Since the symptoms of atrial flutter can be weak and unclear, they are sometimes difficult to pick up. However, even those with weak or absent symptoms of atrial flutter are at significantly higher risk of stroke.

"In patients who are suspected of having temporary but recurrent episodes of atrial fibrillation, or in people with high blood pressure, it can be important for doctors to look at their genetic predisposition using a blood test. The test can give guidance as to how often and how intensively doctors need to screen for presence of atrial fibrillation in these individuals. We also consider that more widespread treatment of high blood pressure may be justified in those with a high genetic risk of atrial fibrillation", explained Melander.

Patients already diagnosed with atrial fibrillation were also studied, and the researchers observed that if they had the risk genes, their risk of stroke was increased by a further 70–80 per cent.

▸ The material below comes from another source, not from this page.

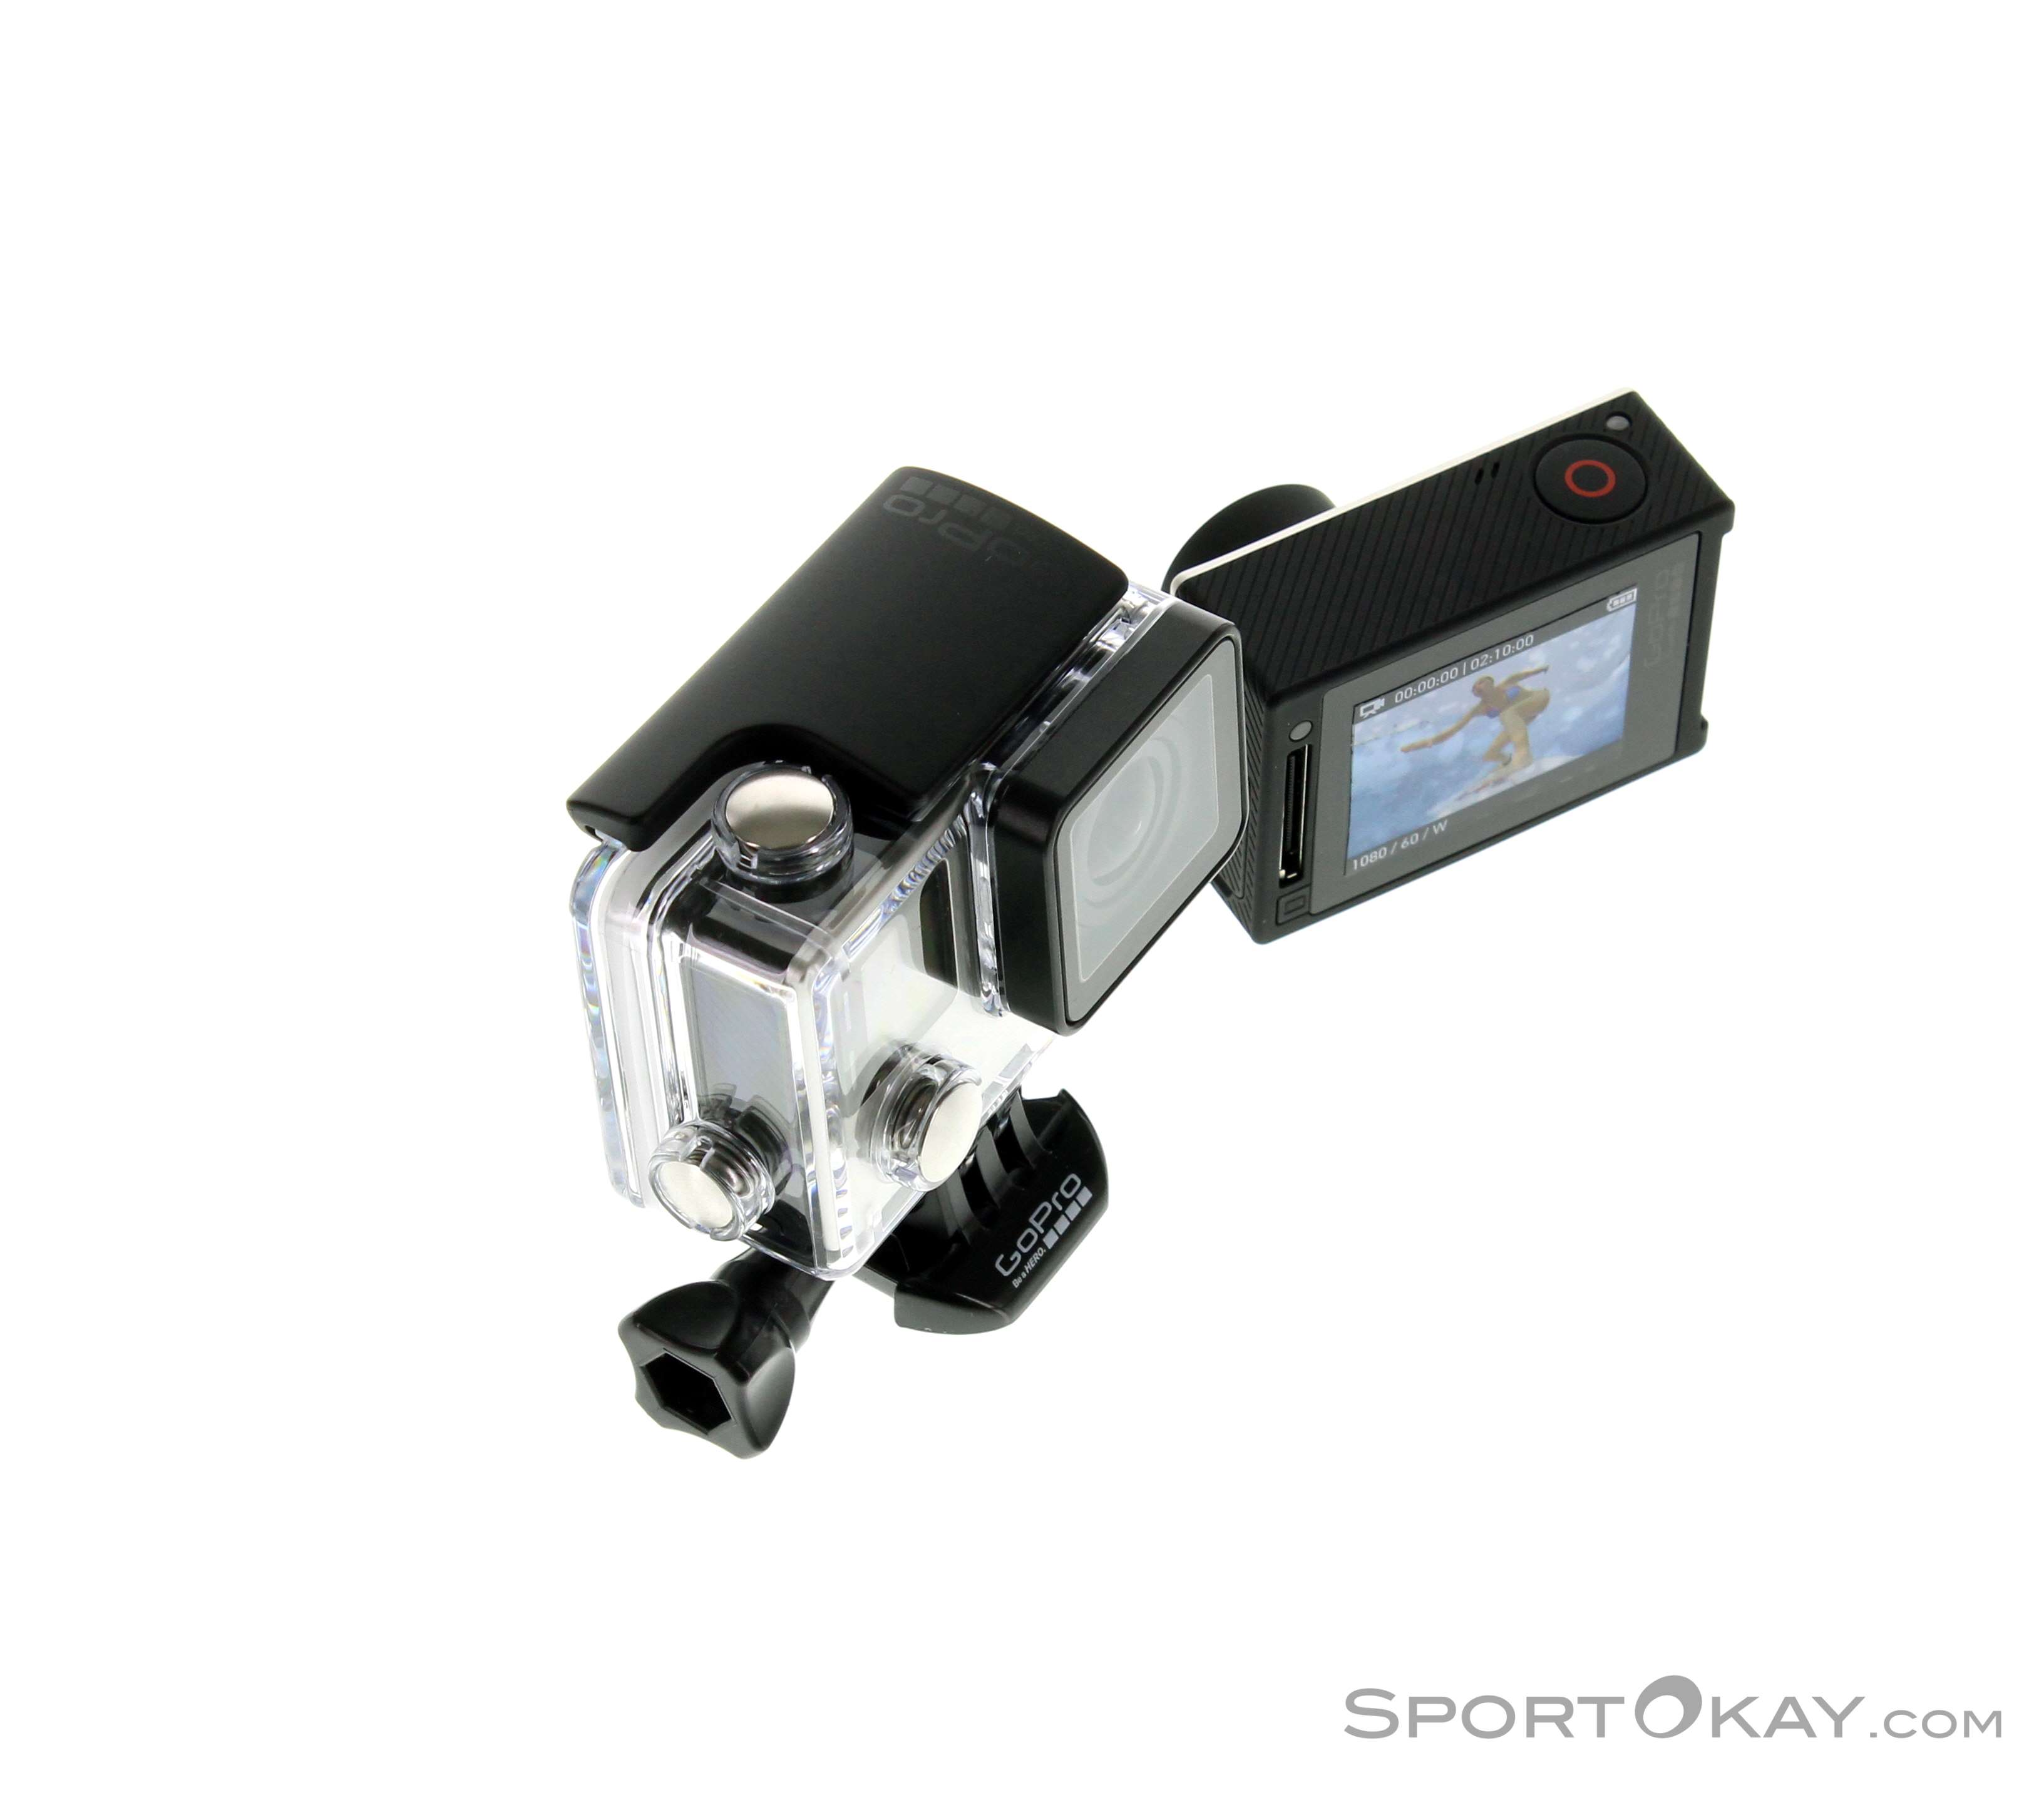 GoPro Hero4 Silver Adventure Edition Actioncam   Action Cameras
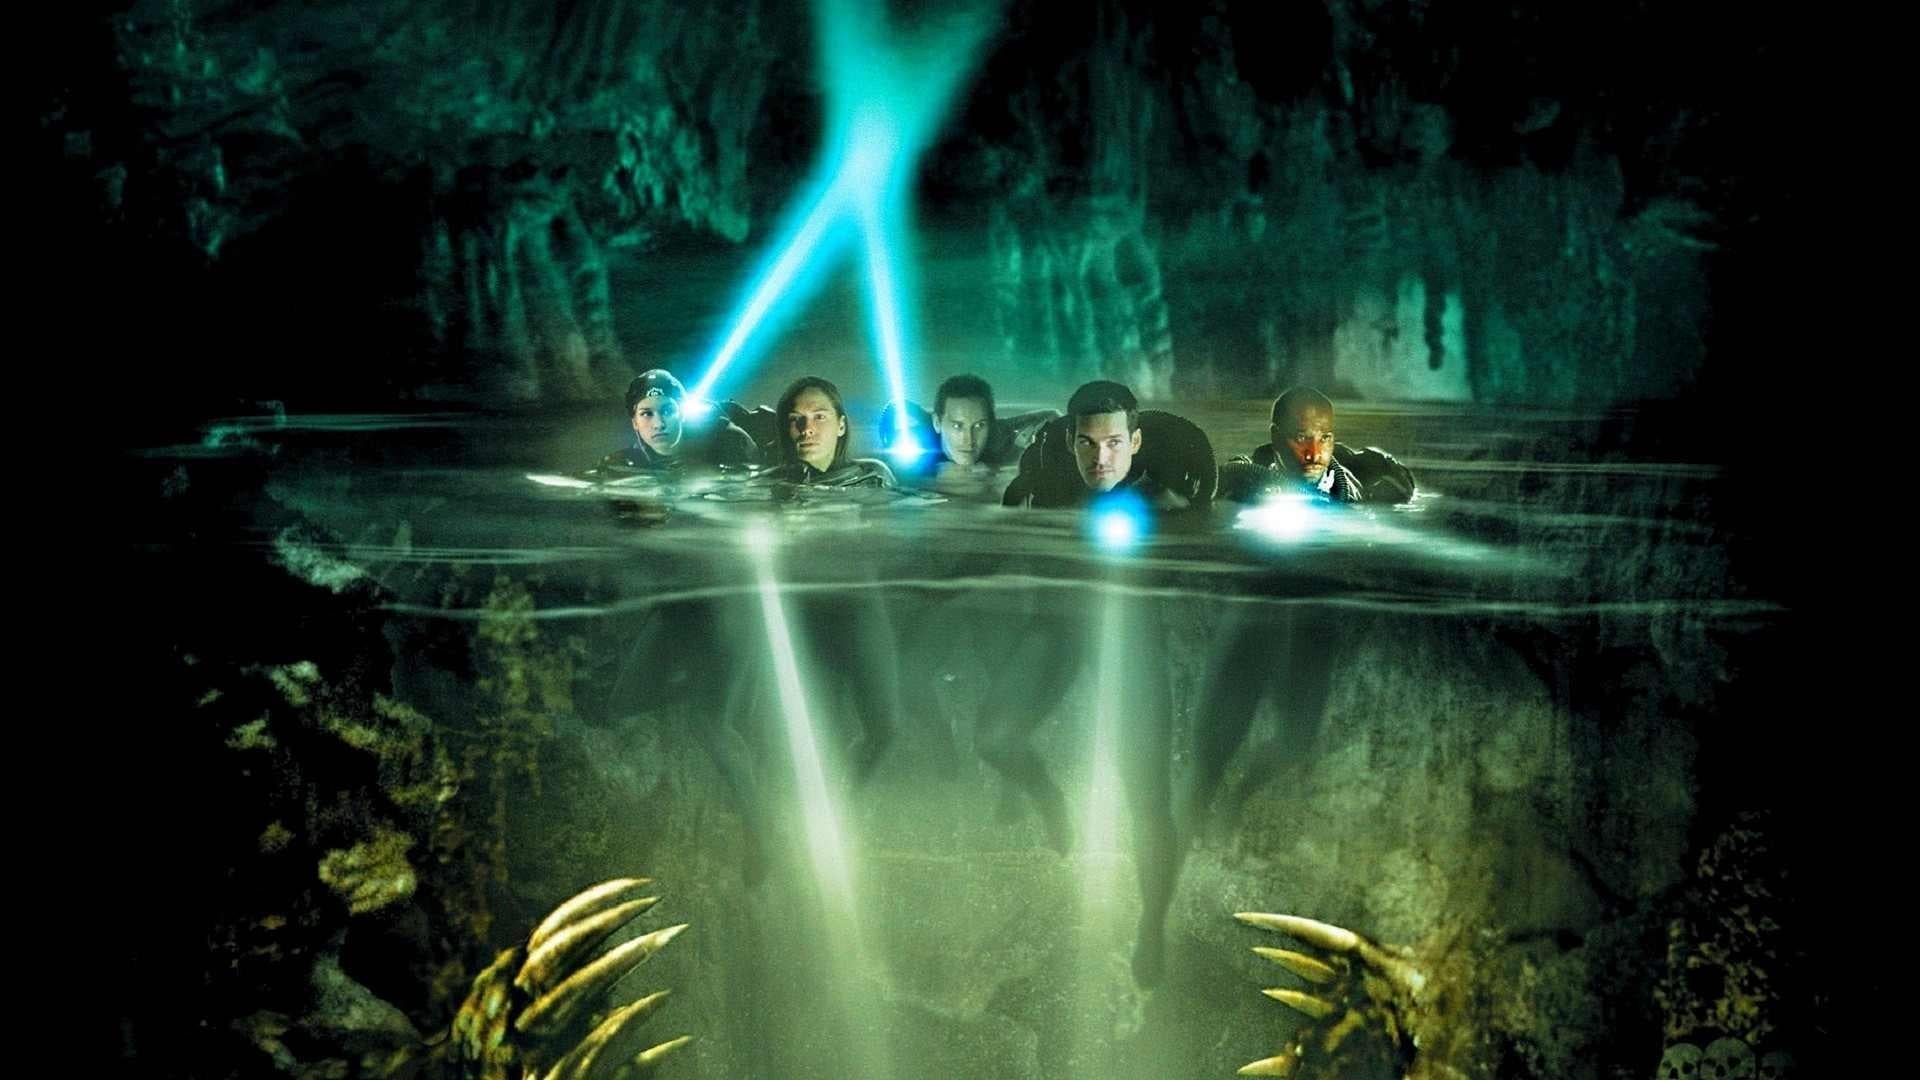 دانلود فیلم The Cave 2005

If an individual with atrial fibrillation is regarded as having a sufficiently high stroke risk, lifelong treatment with anticoagulant drugs such as warfarin is required in order to lower the risk.

"There are also benefits of checking the genetic risk of those who have already been diagnosed with atrial fibrillation. The test makes it easier to correctly assess whether anticoagulant medication is necessary to prevent stroke, especially for those under 65", said Olle Melander.

The research data was taken from a long-term follow-up of 27,400 participants in a population study.

"The present results are one of several examples of how genetics research is not only an effective way of identifying new disease mechanisms, but can also have clinical applications and help doctors and patients to decide on the right tests and treatment", said Olle Melander.

The research was funded by, among others, the Swedish Heart-Lung Foundation, the Swedish Research Council and the EU. The findings were published recently in the American journal Stroke.

About Atrial Fibrillation

An arrhythmia is a problem with the speed or rhythm of the heartbeat. Atrial fibrillation (AF) is the most common type of arrhythmia. The cause is a disorder in the heart's electrical system.

Often, people who have AF may not even feel symptoms. But you may feel

>> Palpitations -- an abnormal rapid heartbeat

>> Shortness of breath

>> Weakness or difficulty exercising

>> Chest pain

>> Dizziness or fainting

>> Fatigue

>> Confusion

AF can lead to an increased risk of stroke. In many patients, it can also cause chest pain, heart attack, or heart failure.

Doctors diagnose AF using family and medical history, a physical exam, and a test called an electrocardiogram (EKG), which looks at the electrical waves your heart makes. Treatments include medicines and procedures to restore normal rhythm.

NIH: National Heart, Lung, and Blood Institute

>> Atrial Fibrillation and Stroke (National Institute of Neurological Disorders and Stroke)

>> Device Interventions for Stroke Prevention in Atrial Fibrillation  (American Heart Association)

>> High Blood Pressure, Afib and Your Risk of Stroke (American Heart Association)

>> Stroke Prevention in Atrial Fibrillation (American Heart Association)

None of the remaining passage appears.